The [] is the "spread element" (look it up and read more). It can be used to create arrays from iterable objects. This is an important distinction with Array.from(). Array.from() can create arrays from iterable objects but also array-like objects (things with a length property, but may not be iterable). Neither of which is really faster than the other, but the way he uses the spread element wasn't necessarily what it's designed for. It also doesn't help the readability of your code. Array.from() makes sense to anyone who reads your code and should probably be used for this circumstance more than the spread element for that reason alone.
The slice method is the old version of Array.from(). Array.from() is more efficient and can create arrays from more complicated data structures, but if browser compatibility is your concern then the slice method is your go to.
Hope that helps!
@@KenW418 thank you for this explanation, I appreciate it.
Perfect
how would one detect the direction of a move?
(eg. to trigger sth on a 3-finger swipe left gesture)
you'd need to "cache" the initial taps' x/y coordinates and then compare them with those that trigger during the move event.
Find any classic drag-and-drop tutorial for the trajectory bits. That should give you clues on how to implement that using touch events.
Also anything that deals with geometries in JS such as "canvas" painting stuff could be useful.
thanks. I'll definitely dive more into canvas stuff.
For multi-touch-gestures, I'll use react-use-gesture. But I was surprised by this video, how straightforward the vanilla solution is.

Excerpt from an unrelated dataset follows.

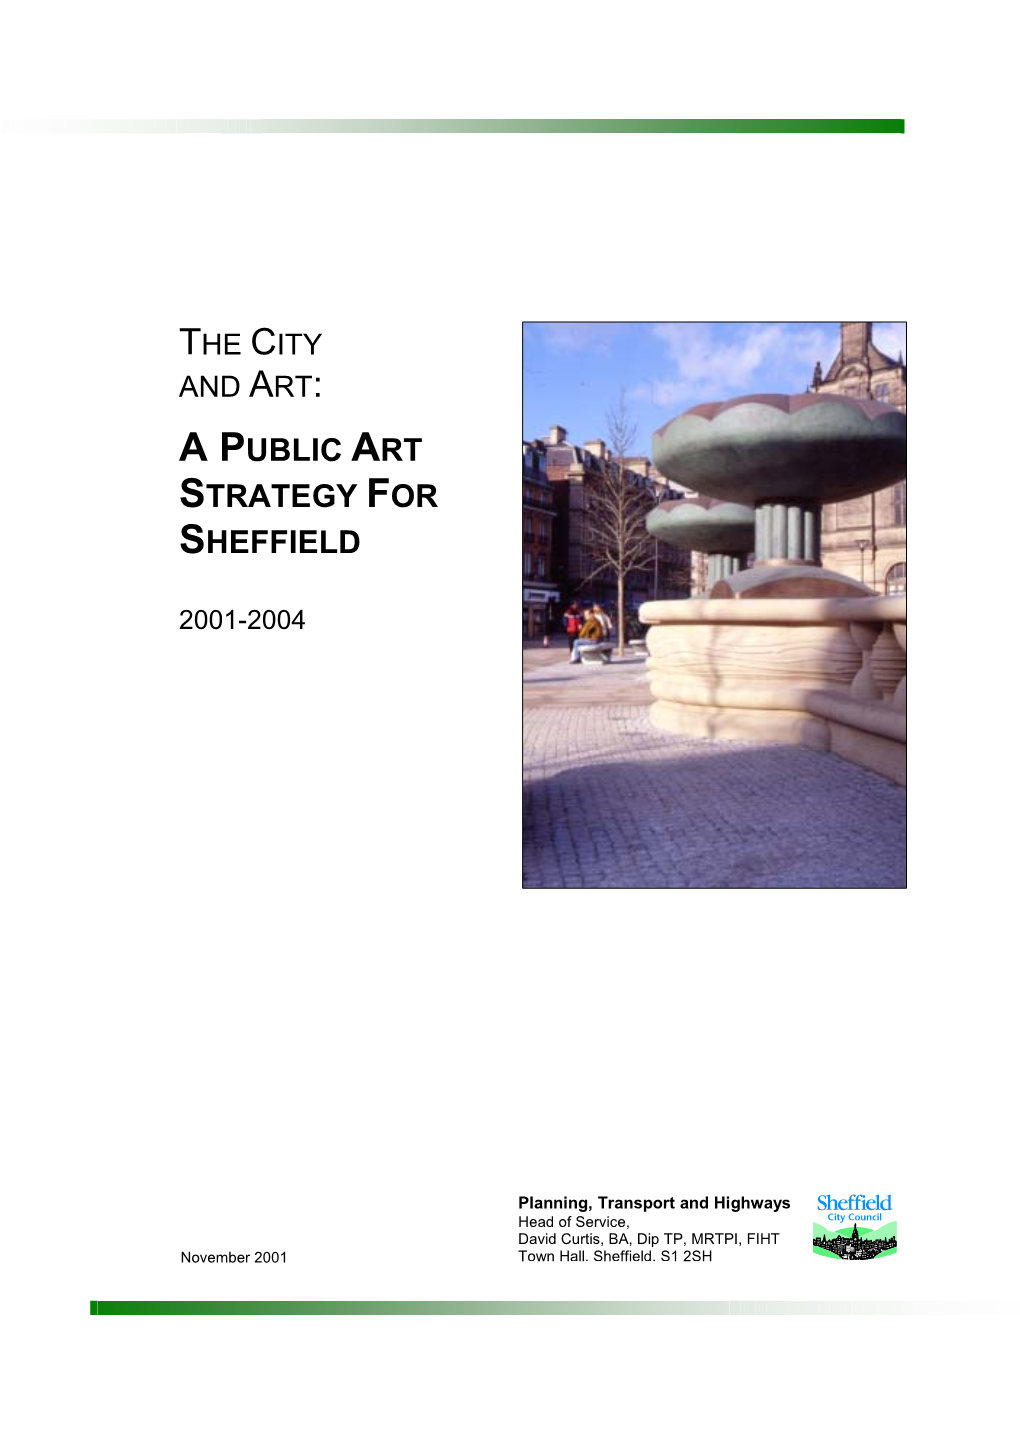 A Public Art Strategy for Sheffield

Awesome video ++++++++++++++++++ 😃
The video which I wanted
connecting my phone to the website that is run locally is cool
I didn't even know that such Javascript events existed in the first place
You're perfect
4:34 Knox 3.8: So you're using a Samsung, released on >= November 11, 2021.
Fascinating how little it takes, to draw some kind of conclusions about something.
I am using a Samsung phone but it is much older than 2021
@@WebDevSimplified Good to know that at least Business APIs/Frameworks get updates.
Thanks for the feedback, I wasn't aware that Samsung provides updates for this component. Also for older devices, that may no longer receive system updates.
Five server which is a different extension automatically gives you the router address
awesome
Is changedTouches an object?.... Am confused there
Can you please do a video on google maps api? I think it would be useful to a lot of people
It's the worst when you're trying to have different handlers for click and touch...
Then you remember touching also registers as a click...
And yes, you can have both touch and click working on your computer, as long as you have a touch screen and your browser is aware of it.
And you can plug mouse into the phone too ;)
Thanks Kyle. I would use these tricks in my mobile apps developed with React Native(which is basically JScript😊) Maybe they documented already in Touchables.
Brother please send me a code in js
Tap on screen to execute function only once
Nice
why was Kyle putting a ; semi colon in front of some lines ??
@Maria ok thanks !
@Maria thanks!
anyone get null error? I'm having a hard time fixing this.
So what about Pointer Events? Its well-supported and much better and easy to use than Touch Events.